# Welcome to the first day of the rest of your life!



## dmatters (Apr 19, 2017)

If you found this place more than likely you are in a desperate state, someone you love has committed a crime against you maybe it was today, last week or several months ago, probably this is the first time for you however this place is littered with people who have had to endure this again after so many broken promises. 
Whenever it happened to you here you are searching for some answers, trying to make sense of how someone can tell you they love you and yet treat you, your marriage / relationship, your future, your children so poorly.

First things first, you are probably going to lose weight, sleep and some of your sanity. Unless this was a loud circumstance or if they are younger your children won't know other than mom and dad are having a fight, many friends and family probably won't know either( as a side note think before you tell anyone other than the closest people to you at least right now, you will need support but telling too many or the wrong people may poison your relationship or that of your wayward if there is reconciliation).

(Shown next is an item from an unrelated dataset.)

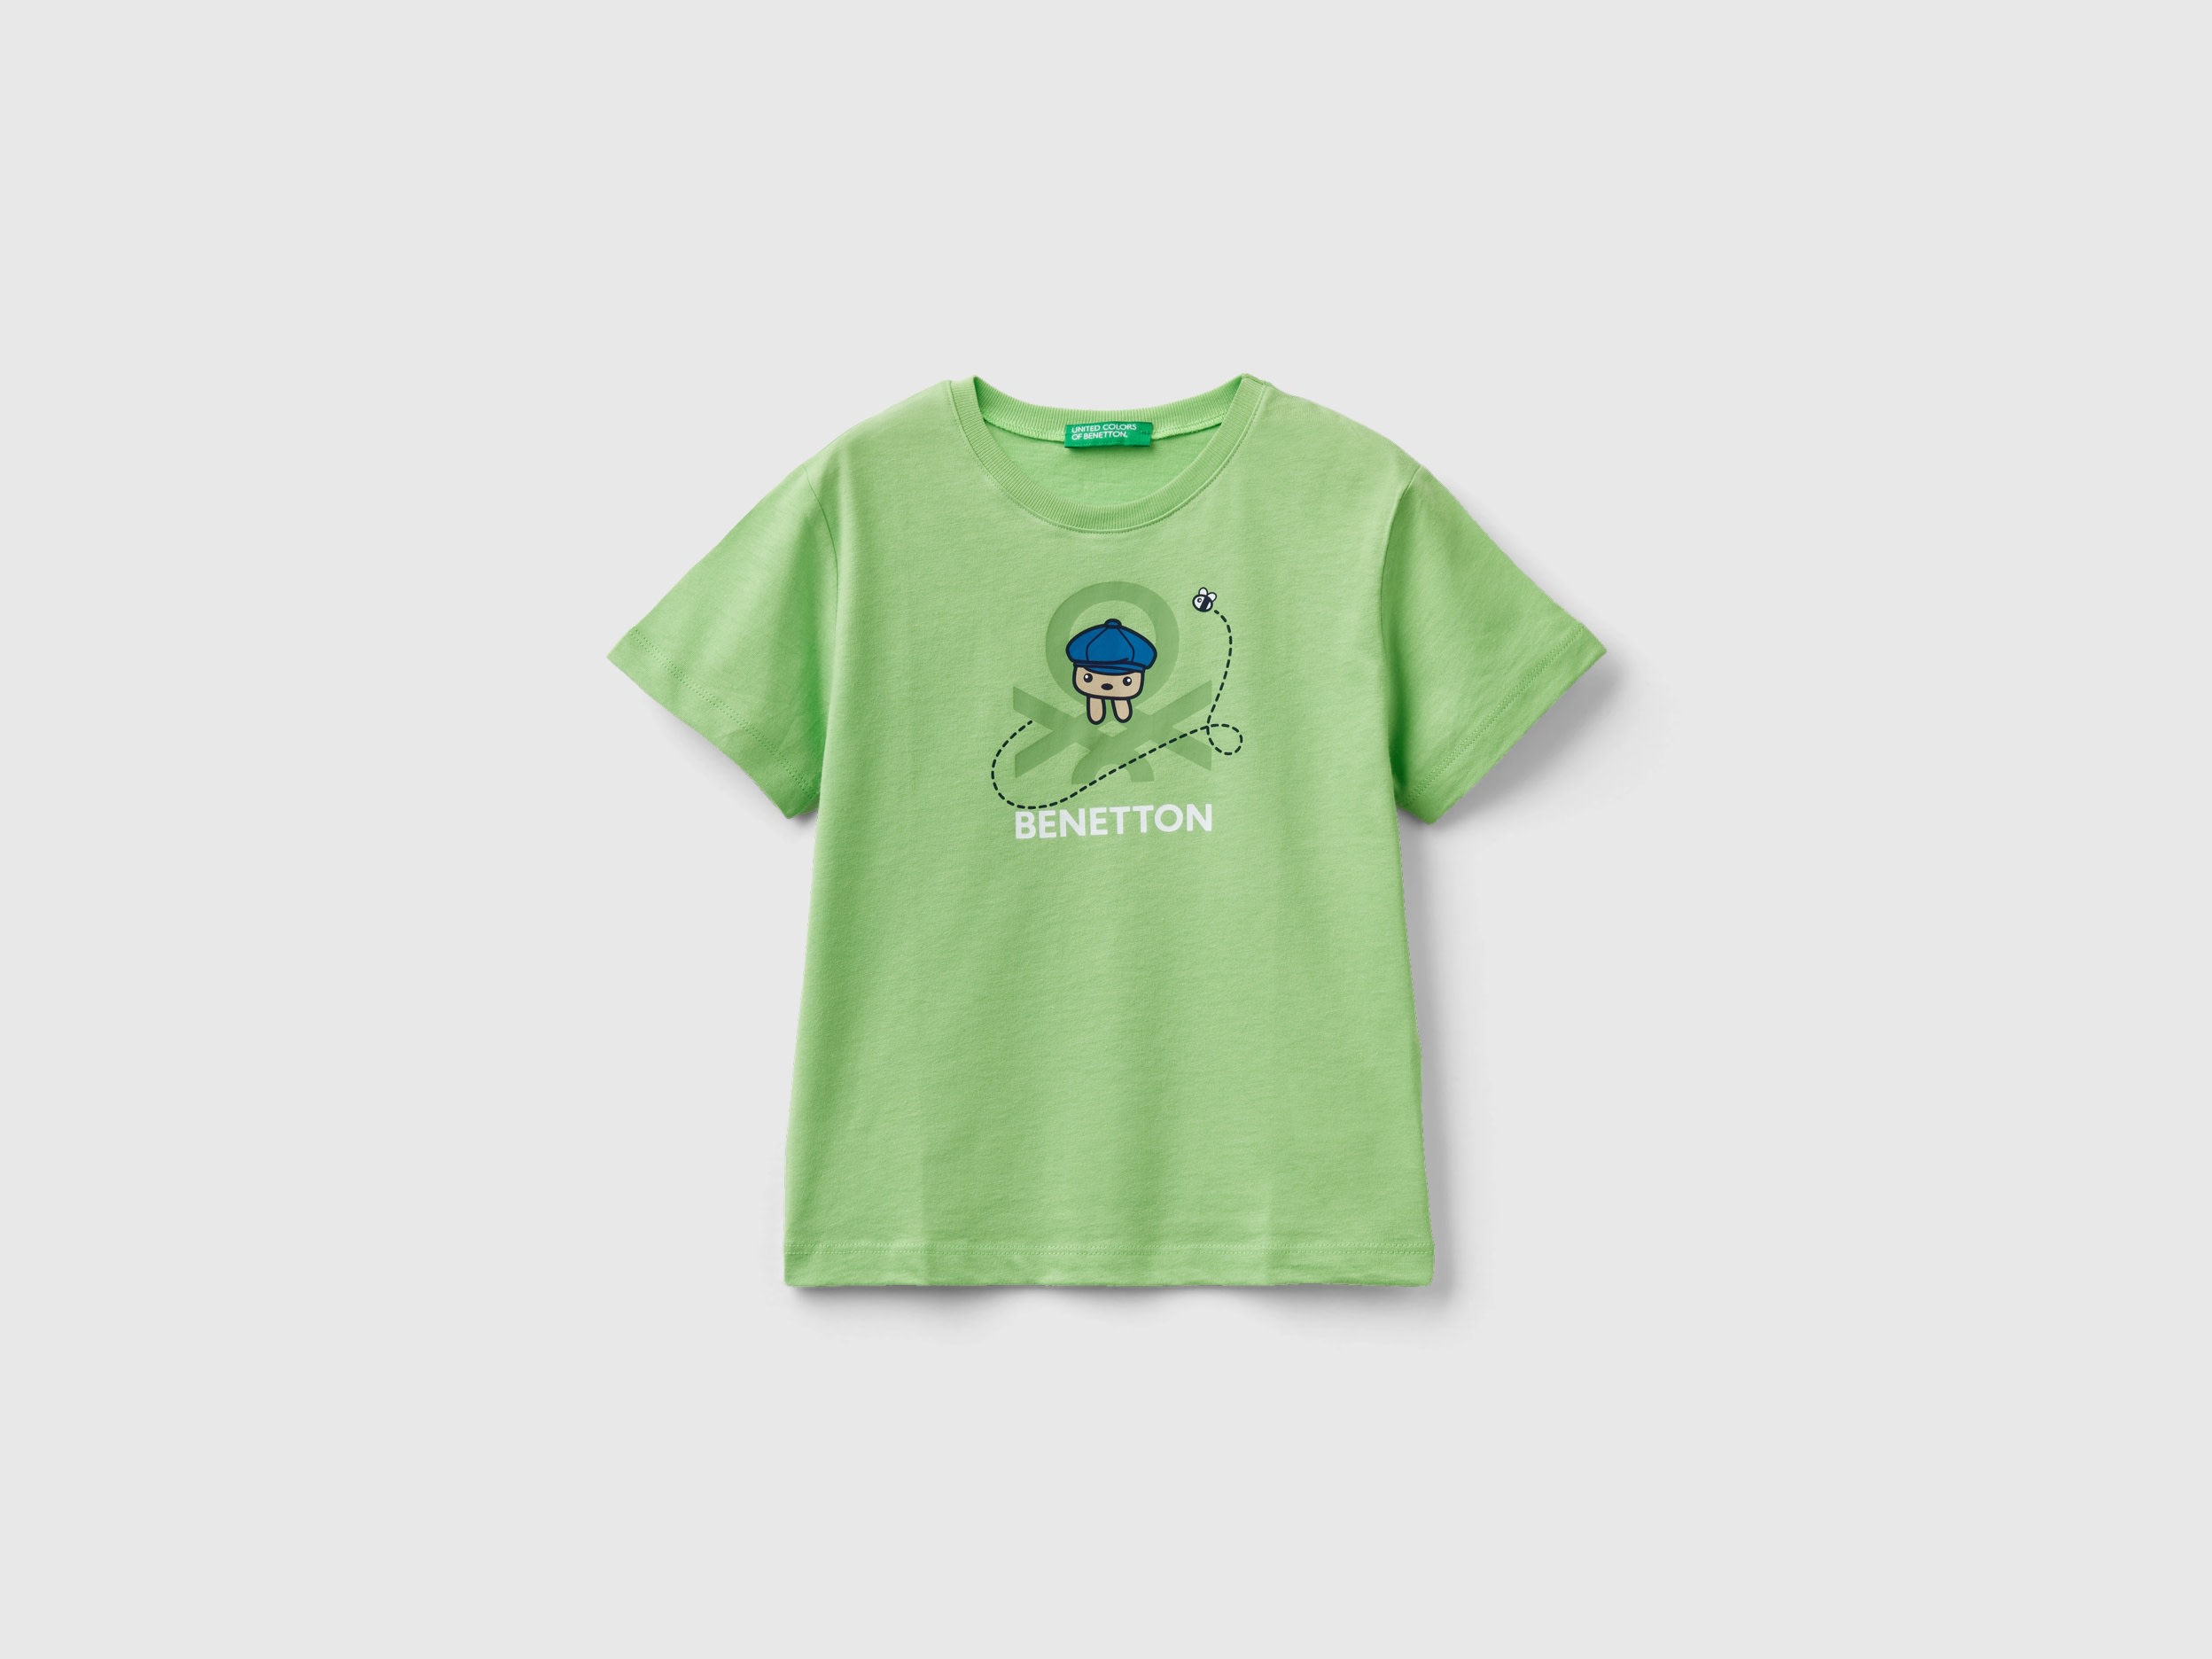 Benetton, T-shirt With Print In 100% Organic Cotton, size 5-6, Light Green, Kids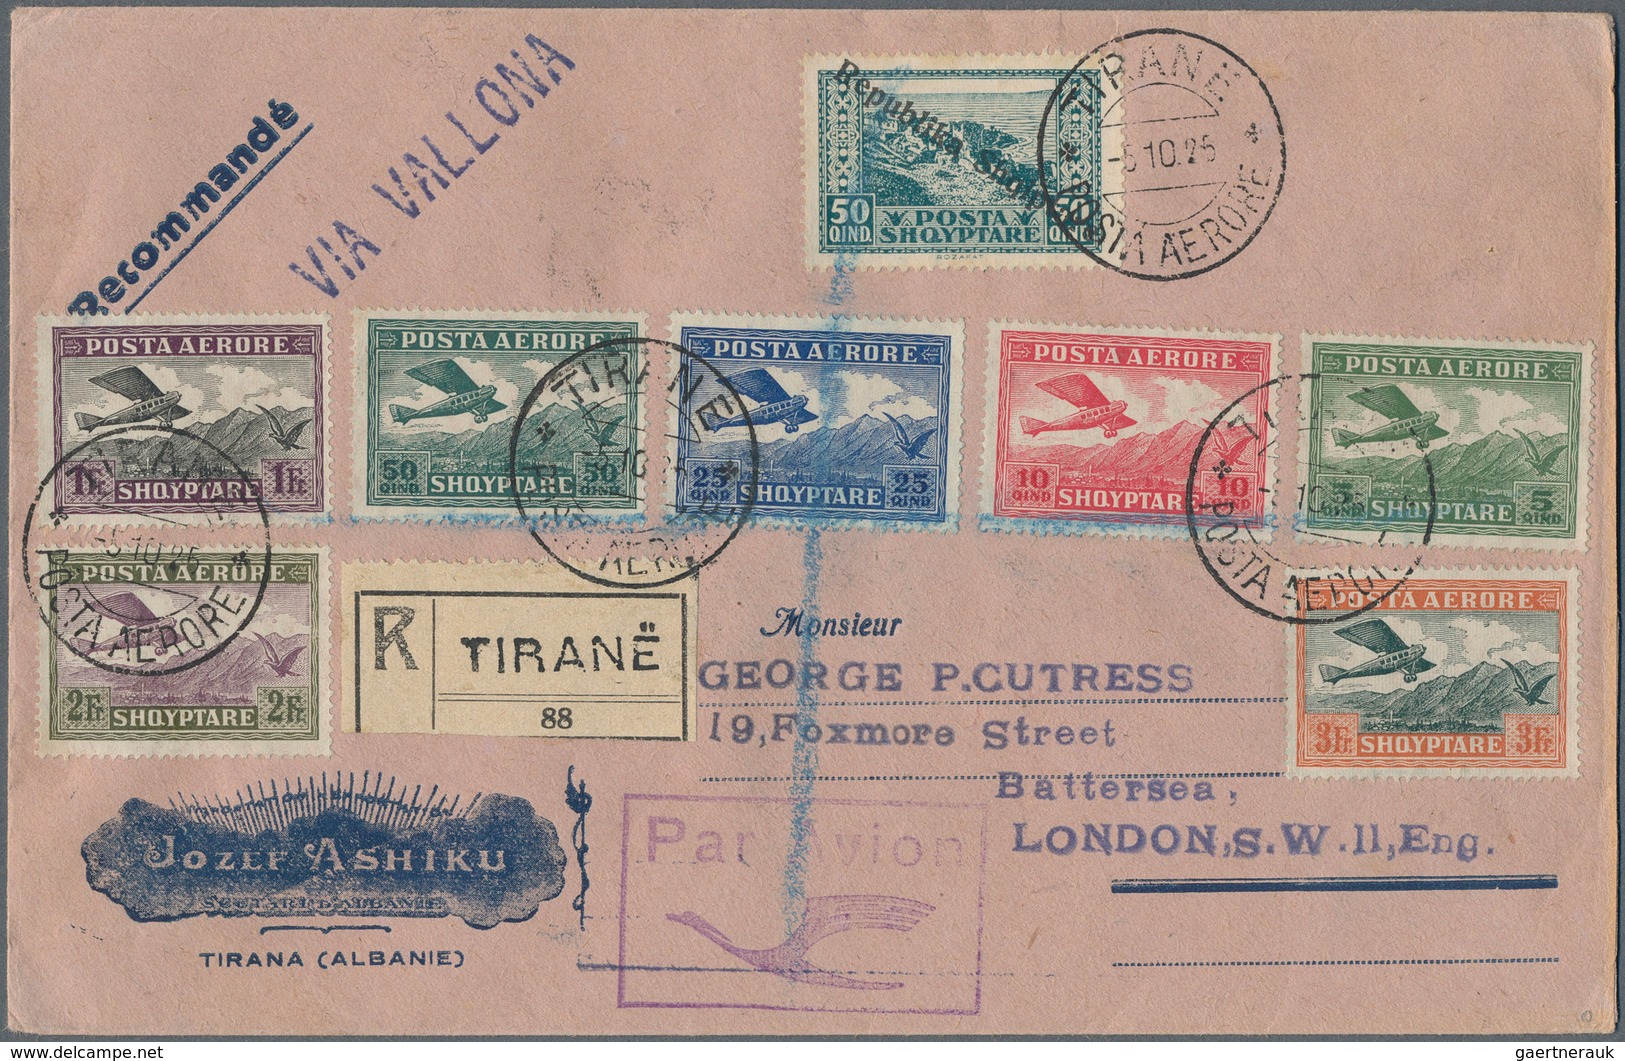 Flugpost Alle Welt: 1918/1954, mainly before 1945, collection of more than 340 airmail cover/cards,

Second and this is the most important you have some faults that are your responsibility in your relationship, but regardless of those things and no matter how much your wayward tries to place the blame on you for their poor choices you did not drive them, push them or give them cab fare to cheat on you. It wasn't a mistake they are an adult, it was a clear decision on their part, they chose to feed their selfish ego, vanity, desires for no other reason than the wanted to. 
Let me repeat they made the choice, the decision it was what they wanted to do, unless they were raped, drugged, passed out drunk(being drunk does not count you still have some sense about yourself) they did exactly what they wanted.

Now some people have the strength to file for divorce right away, maybe a separation, many just don't know what to do, don't let anyone (especially your wayward) force a decision you are not ready to make. If you have started to take stock of the person you thought you knew all this time you may begin to see how selfish, manipulative and controlling they are (many of us have) take control, right now you have the power in this issue remember not matter what the excuse how much they throw this on you it was their choice to betray you. 
Other than being honest, extremely remorseful and dare I say somewhat submissive your wayward shouldn't be interested in much else but your well being and hoping they can heal your relationship.
Unfortunately and in all reality your wayward will not be doing any of that, the percentage who do have true remorse, want nothing more to heal and rebuild is very small, after all the reason you are here is their selfish behavior and that won't change anytime soon. Be well.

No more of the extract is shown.